What are we to make of this? Is computational sociology a passing fad, a tryst with hot new methods? Not at all. Computational sociology throws off both heat and light. It is a reactor. And it’s just getting started.
This “computational reactor” has the potential to transform the study of any substantive problem, from political polarization or residential segregation to the emergence of cultural blockbusters or breakthrough scientific ideas. Computational methods extend and complement familiar methods. They also make new demands on our training. Social researchers of the future will need to write code, wrangle data, and think computationally as well as sociologically. We must teach them how to do so.
Social researchers of the future will need to write code, wrangle data, and think computationally as well as sociologically.
What, then, are the implications for the practice of sociology in the 21st century? We look to social theory, ethnography, surveys, experiments, and statistics for answers.
From Social Theory to Formal Worlds
Social theory is traditionally expressed in natural language, using a rich conceptual vocabulary.

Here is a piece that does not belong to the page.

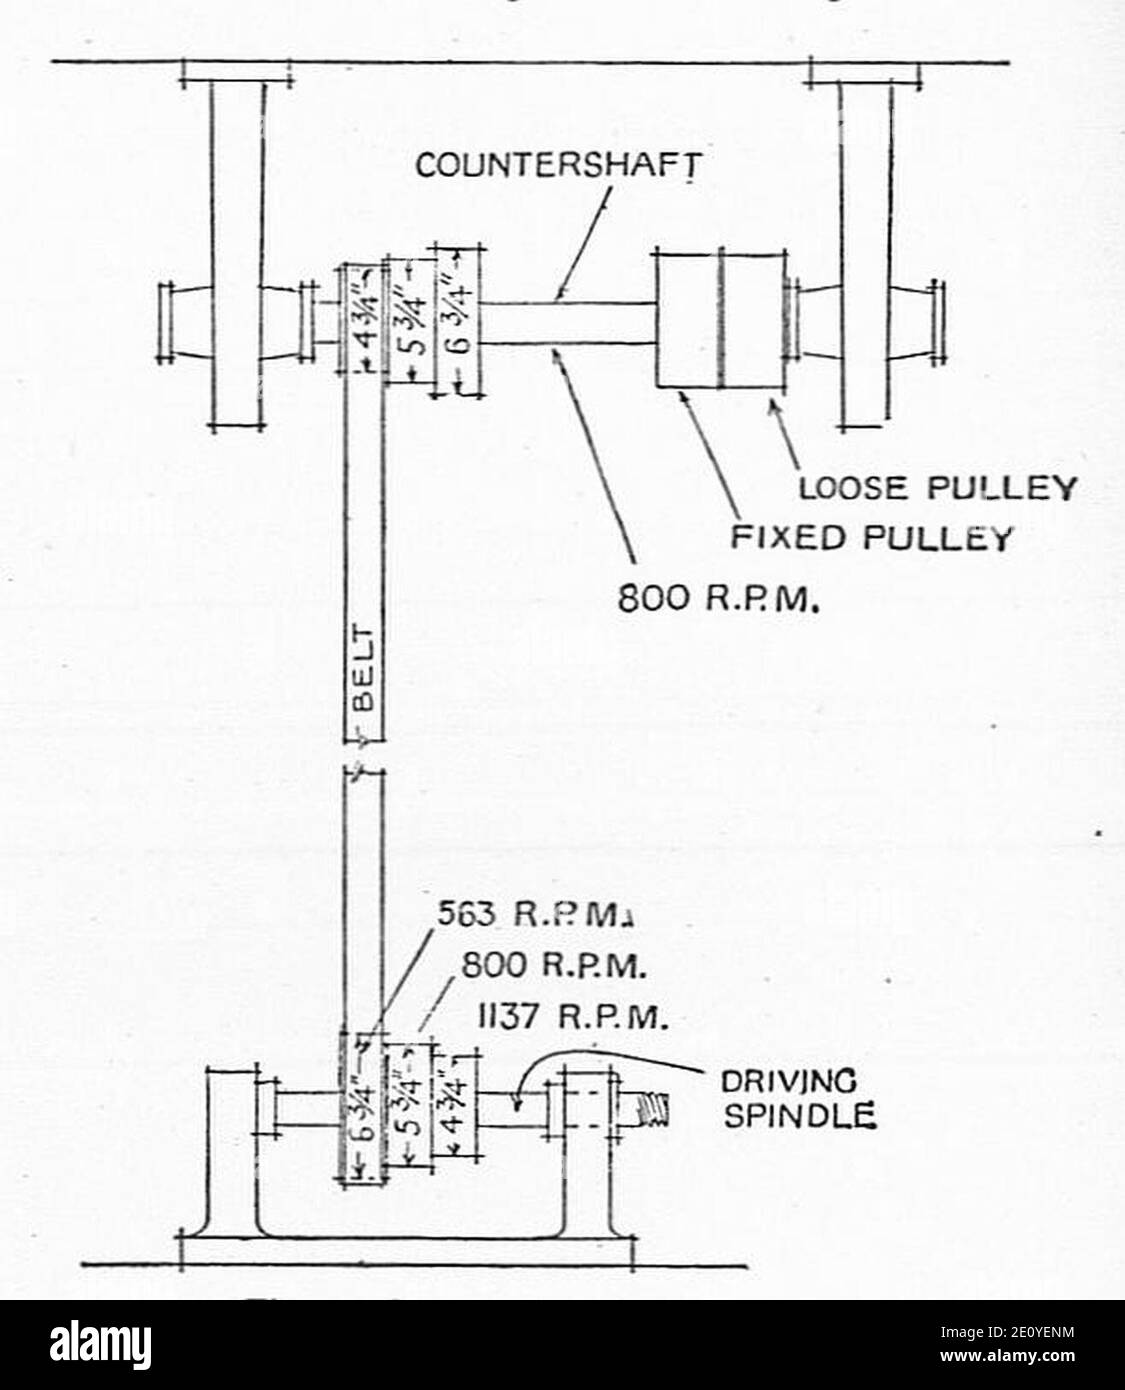 Linienantrieb zur Drehmaschine, mit stufenförmigen Riemenscheiben für  variable Drehzahl (Schreinerei und Schreinerei, 1925 Stockfotografie - Alamy

It pays for nuance with ambiguity. A rich theory can fit almost any outcome; in explaining everything, it risks explaining nothing. Computational sociologists often express theory in the language of mathematics or algorithm. The resulting formal model can be explored with empirical data to assess its validity. Alternatively, it can be explored by simulation, allowing scholars to probe alternative scenarios by “replaying history” in artificial worlds with different assumptions.
These two approaches can be combined. In one of our own papers, we developed a simple model to investigate how scientists choose what phenomena to study. Formalizing prior verbal theory, our model allowed scientists to be influenced by the past popularity of phenomena as well as by the conceptual distance between them. Using data from millions of articles and patents, we found that unfolding knowledge was most likely generated by a conservative strategy, which connects popular phenomena to less prominent ones nearby. We then used that same model to search for more efficient strategies. We replayed history over and over on a Cray supercomputer, tweaking scientists’ strategies to see how quickly they would discover the same universe of knowledge. And we found strategies that would have been much more efficient!

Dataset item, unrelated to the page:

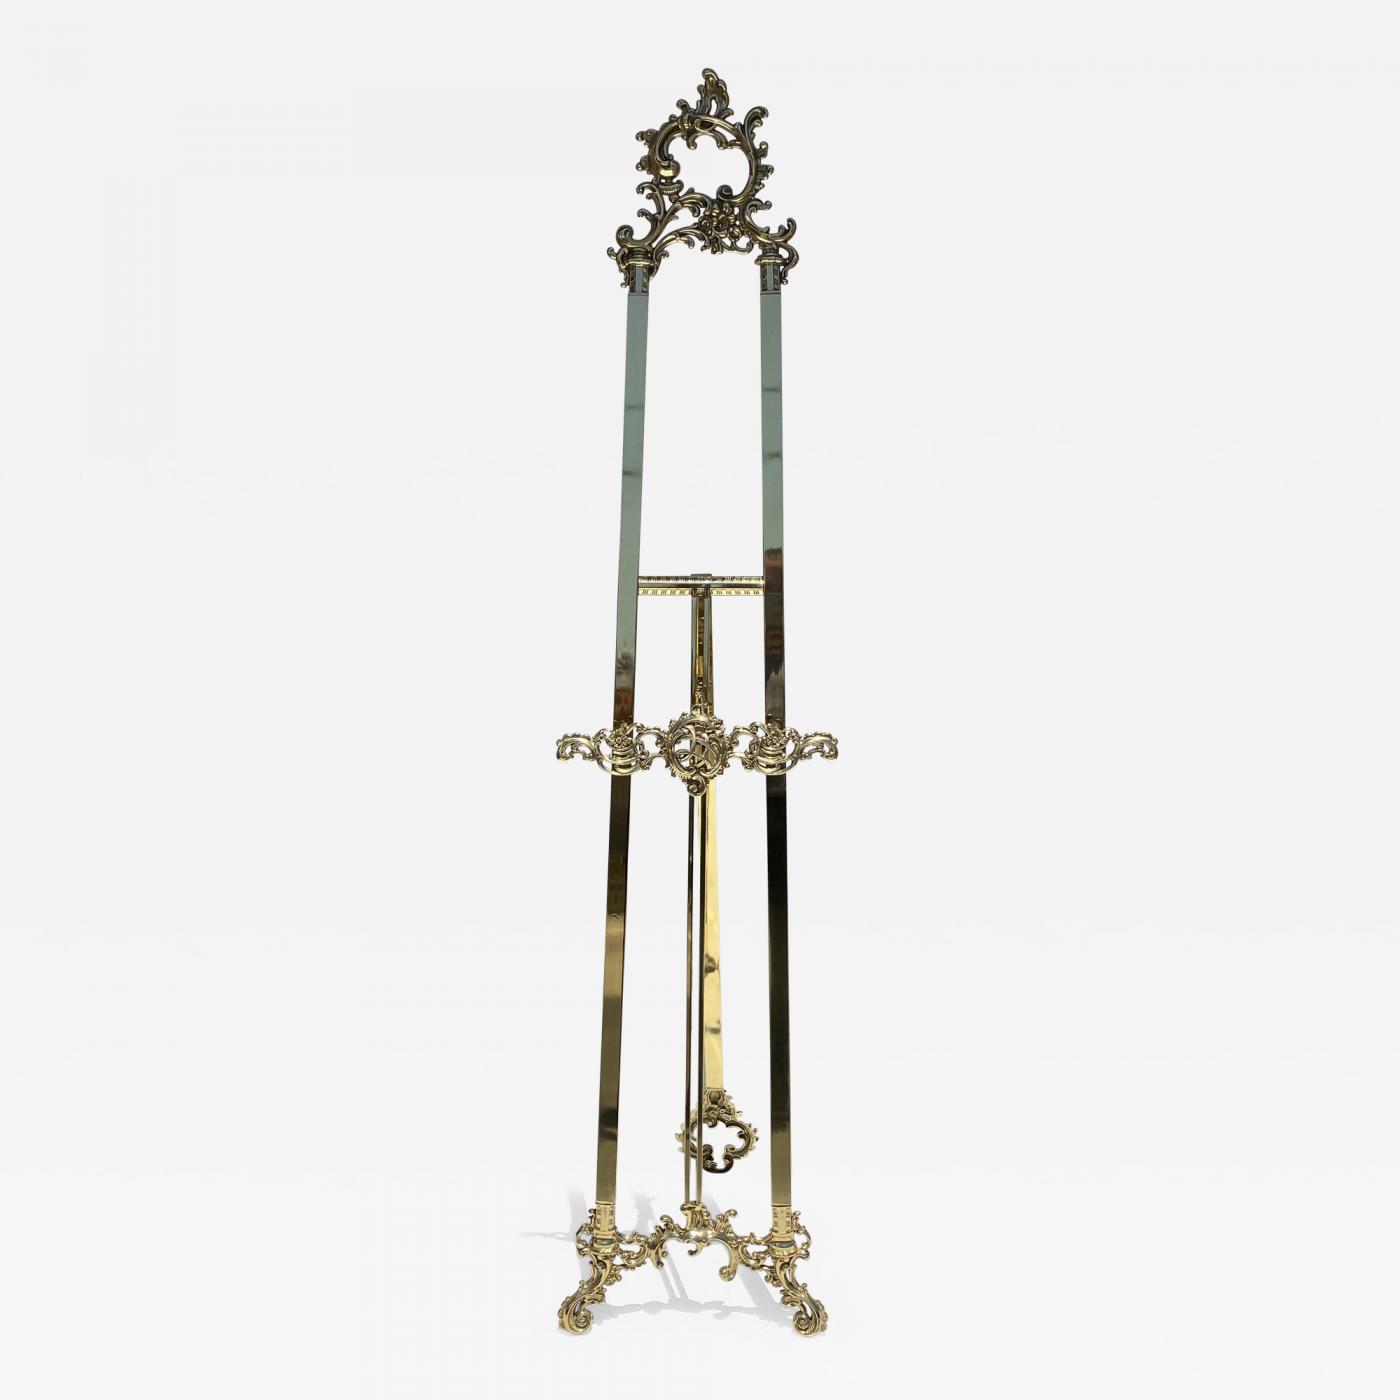 Floor Easel - Ornate Brass 55 or 71 Tall, Floor Easels

Verbal theory is still essential. It inspires useful formalizations, puts models in a broader context, and allows for productive ambiguity. But explorations like ours are impossible with verbal theory alone.
From Ethnography to Digital Observatories
How can computational methods speak to ethnography? The ethnographer embedded in her particular case or community might seem worlds apart from the computational sociologist writing database queries or training deep neural networks. The former is out in the field, using her body as an instrument to capture the delicate texture of lived experience. The latter is bathed in the cool light of dancing data; she worries about eyestrain and carpal tunnel, not rough weather or interpersonal conflict.
To see the connection, recall ethnography’s strengths: surfacing novel practices; accumulating rich detail, from which theory can emerge; hunting for surprises that challenge received wisdom and call for revised explanation. Computational sociologists can carry out similar tasks from their digital observatories, gathering massive data at scales beyond the reach of ethnography. This comes at a cost. Rather than the technicolor social reality of the ethnographer, digital traces are typically rendered as computational cartoons. They are reduced by computational methods from dozens, hundreds, or thousands of features per data point to a low-dimensional representation: categories, clusters, or aggregate scores.
Low-dimensional cartoons nevertheless facilitate the discovery of novel behaviors and practices. Kevin Lewis used the choices of online daters to discover that racial biases are temporarily attenuated when daters receive and reply to cross-race messages. Elizabeth Bruch and colleagues showed that online daters screen potential mates with “deal breakers” like age differences or smoking.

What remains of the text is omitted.